The module 13 contains at least one vacuum circuit-breaker 14, preferably a plurality of identical vacuum circuit breakers, and more preferably three identical vacuum circuit-breakers 14 which are arranged to be distributed axially symmetrically about the axis of the housing 12 and of which only two are illustrated. The vacuum circuit-breakers have relatively small dimensions and each have a relatively low high-voltage switching capacity. Therefore, the vacuum circuit-breakers 14 used may take the form of inexpensive standard products such as, for example, vacuum tubes which are produced in large numbers for voltages typically of 10 to 40 kV. Each of the vacuum circuit-breakers 14 has a stationary electrode 15 and a movable electrode 16. The stationary electrodes 15 of the vacuum circuit-breakers 14 are fixed to one side of a contact bridge 17 in the form of a plate. On the opposite side, the contact bridge 17 carries a hollow contact 18. This hollow contact is electrically conductively engaged with a mating contact (not designated) of the compressed gas-blast circuit-breaker, which is provided on that end of the erosion contact 7 which is guided out of the housing 1. The movable electrodes 16 of the vacuum circuit-breakers 14 are rigidly held by a current collector 19 in the form of a plate and are electrically conductively connected to the current connection 3 of the switching device via the current collector 19, flexible conductor elements 20 and a section of the module housing 12 which is designed to be conductive. The current collector 19 is acted on by a drive system 21, which is actuated exclusively by a short-circuit current which flows through the vacuum circuit-breakers 14 in the event of a switch-off operation.

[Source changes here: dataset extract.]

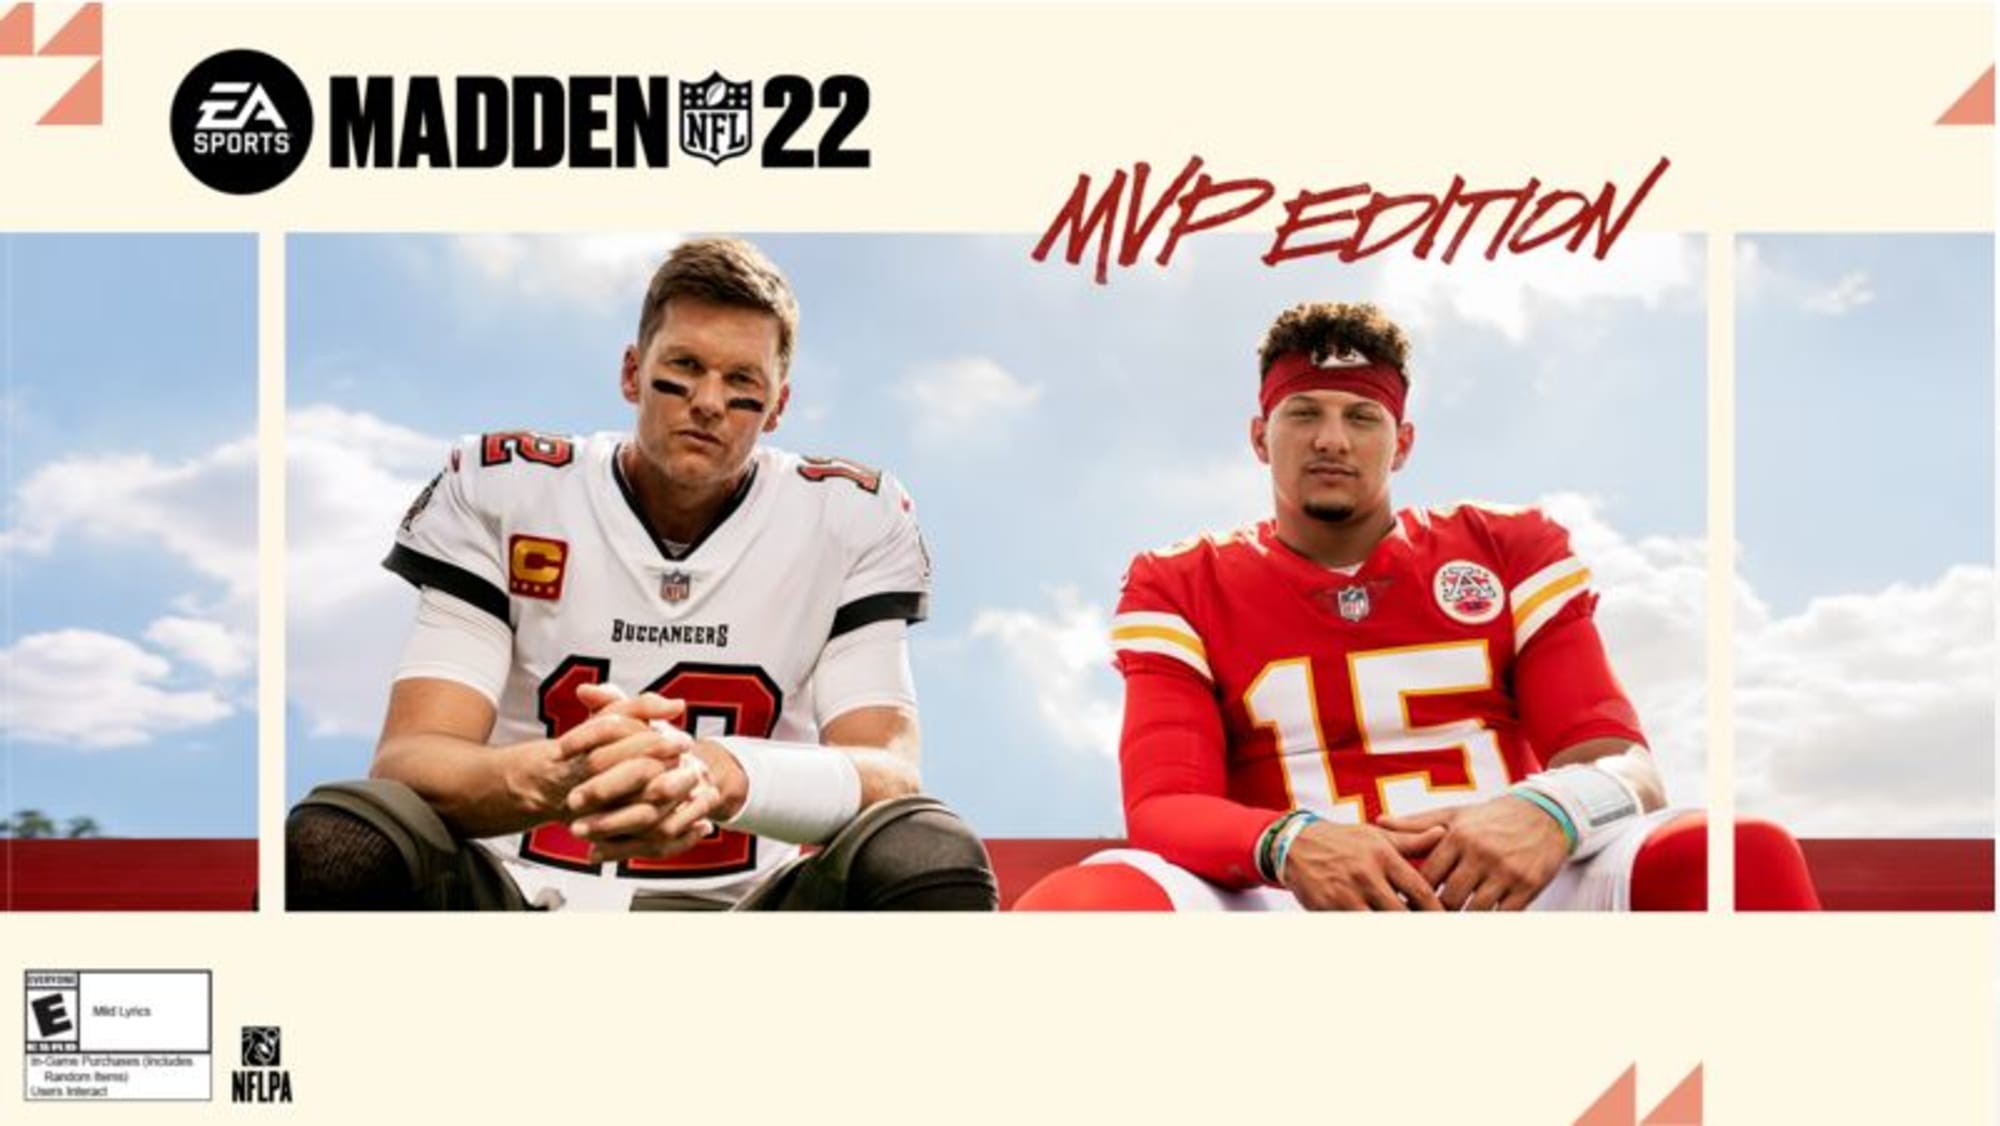 Tom Brady And Patrick Mahomes On The Cover Of Madden 22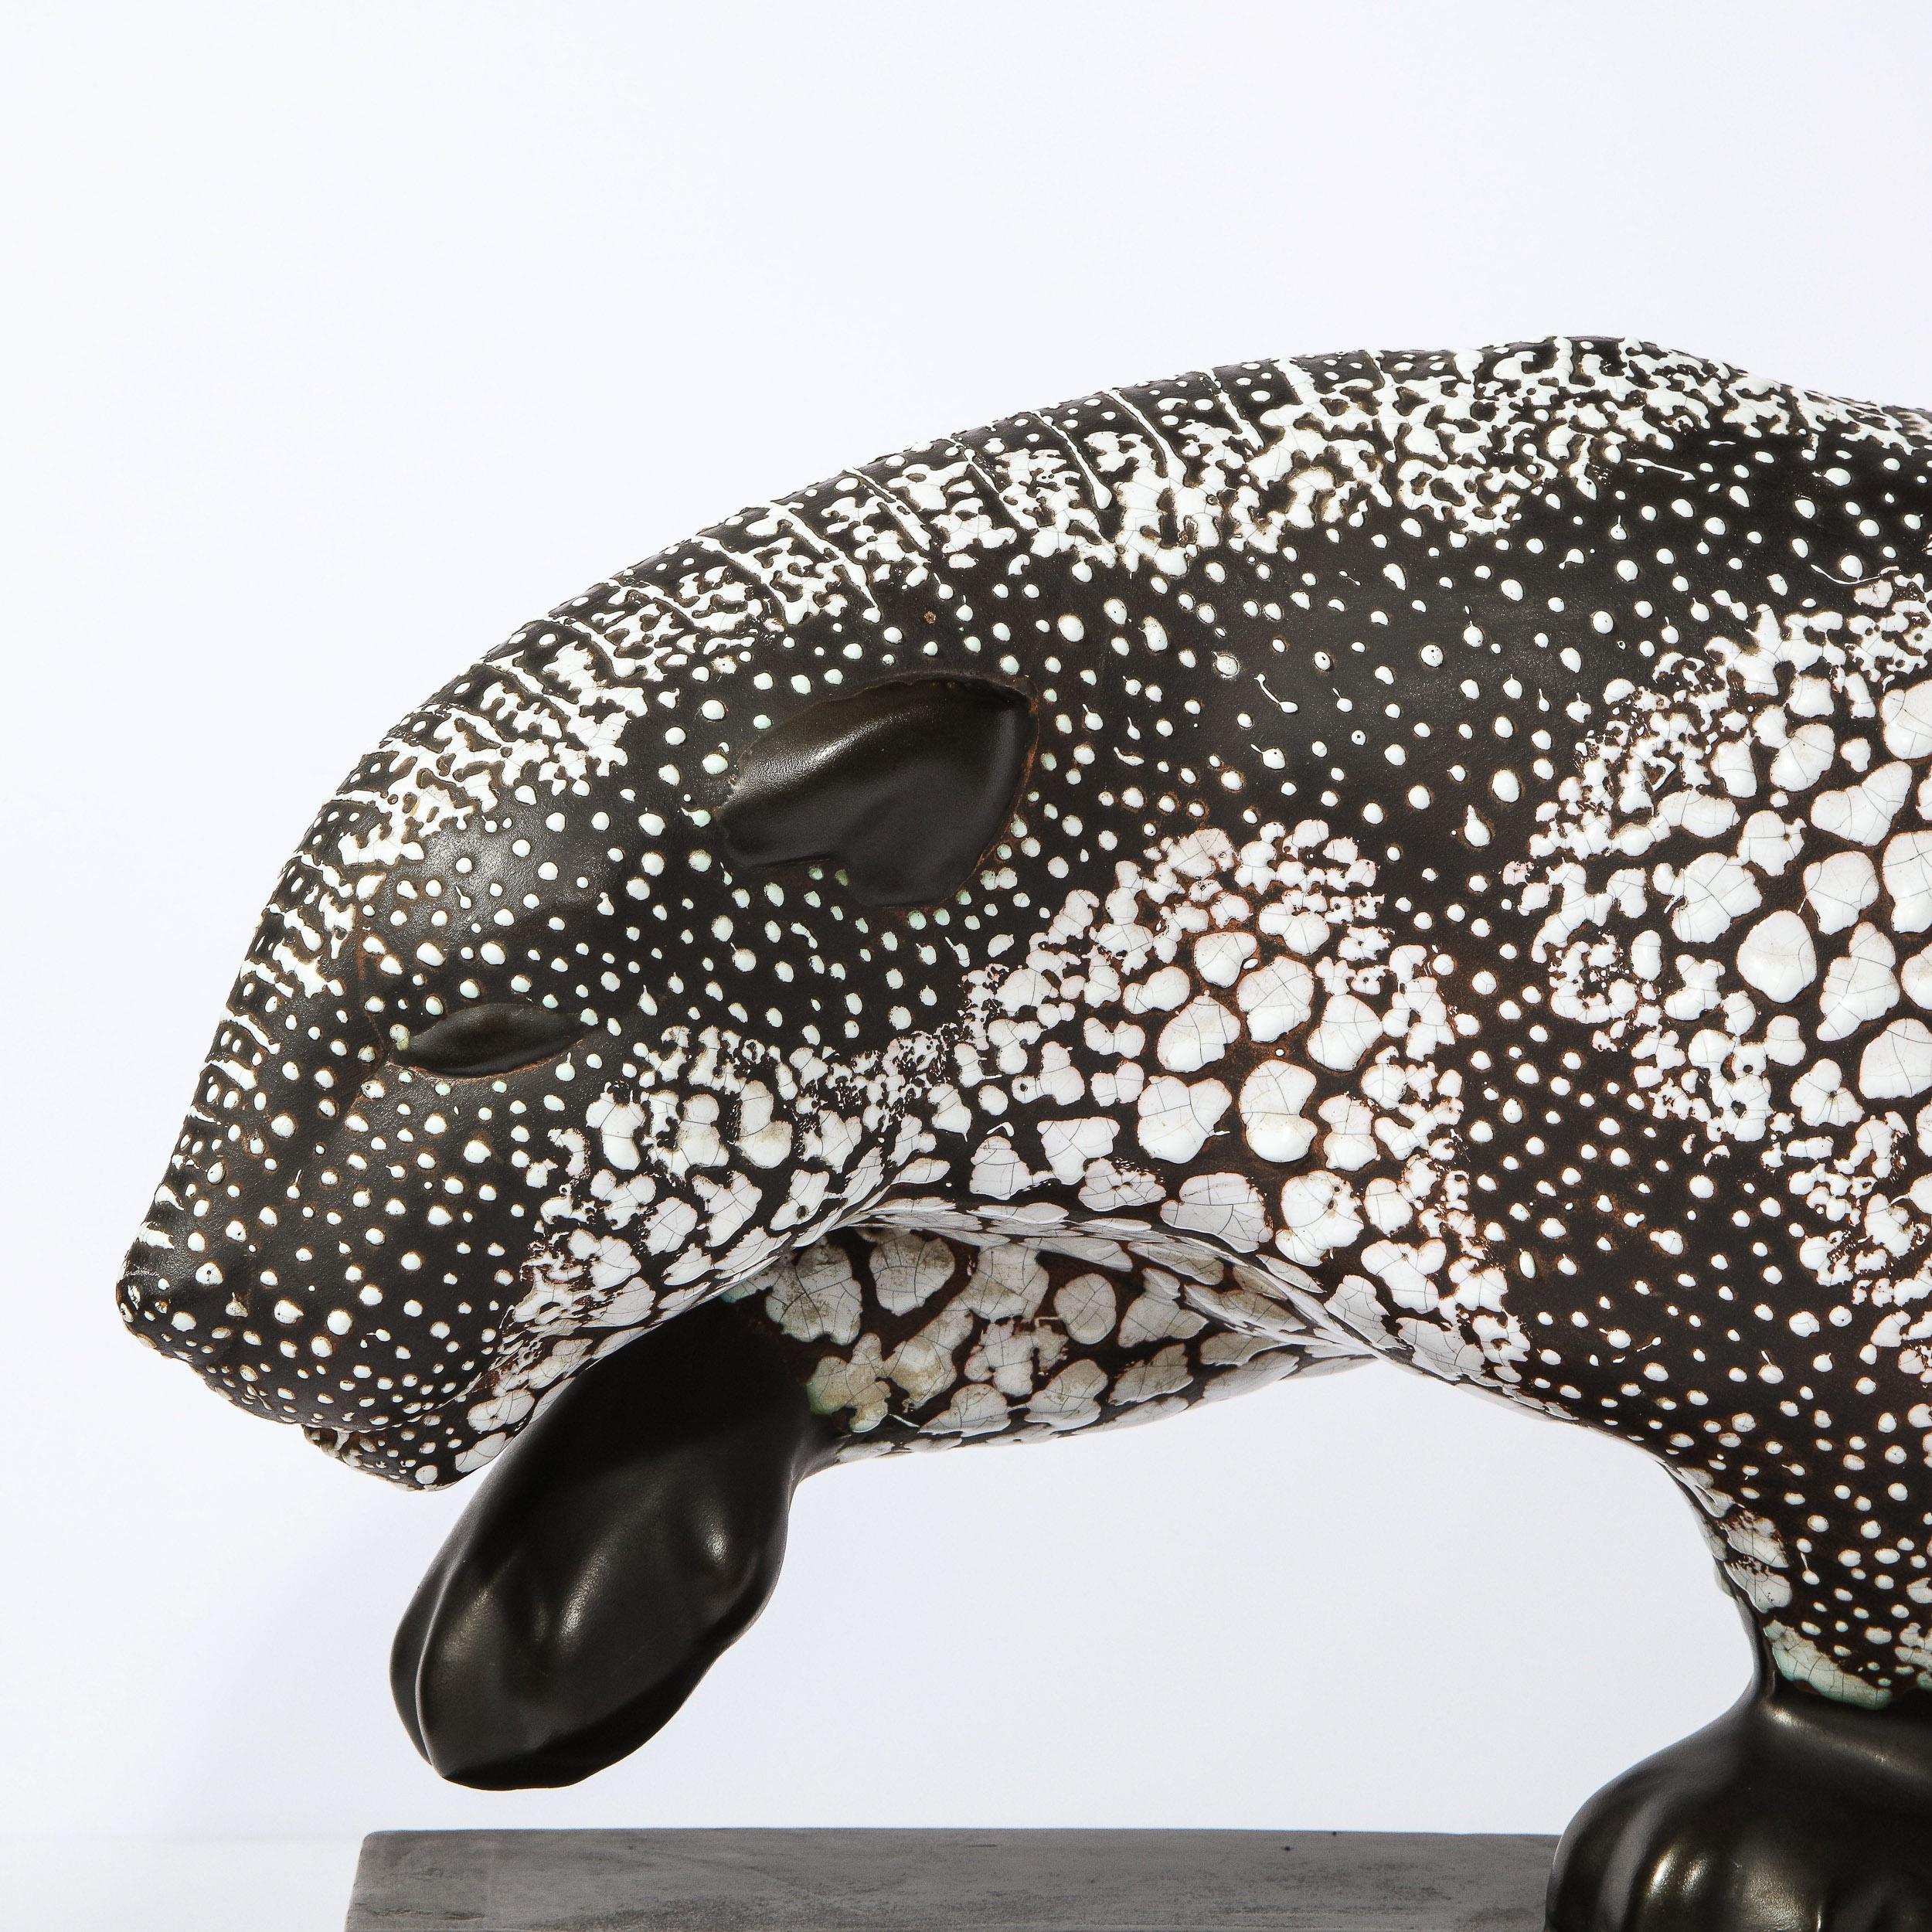 Early 20th Century Art Deco Glazed Ceramic Panther Sculpture Signed E. Pierre for Atelier Primavera

In the case of this switching device, rated current is predominantly routed in the switched-on state (right-hand part of FIG. 1) in a rated current path embracing the current connection 2, the sliding contact 4, the rated current contacts 8, 11, flange connecting screws 22, the housing 12 and the current connection 3. On account of the relatively high resistance, a comparatively small proportion of the rated current is routed in an extinction current path which is connected in parallel with the rated current path. This extinction current path embraces the current connection 2, the sliding contact 4, the erosion contacts 7, 10, the hollow contact 18, the contact bridge 17, the electrodes 15 and 16 of the vacuum circuit-breakers 14 which are connected parallel with one another, the current collector 19, the flexible conductor elements 20, the housing 12 and the current connection 3. Since the vacuum circuit-breakers carry virtually no rated current, they can have small dimensions.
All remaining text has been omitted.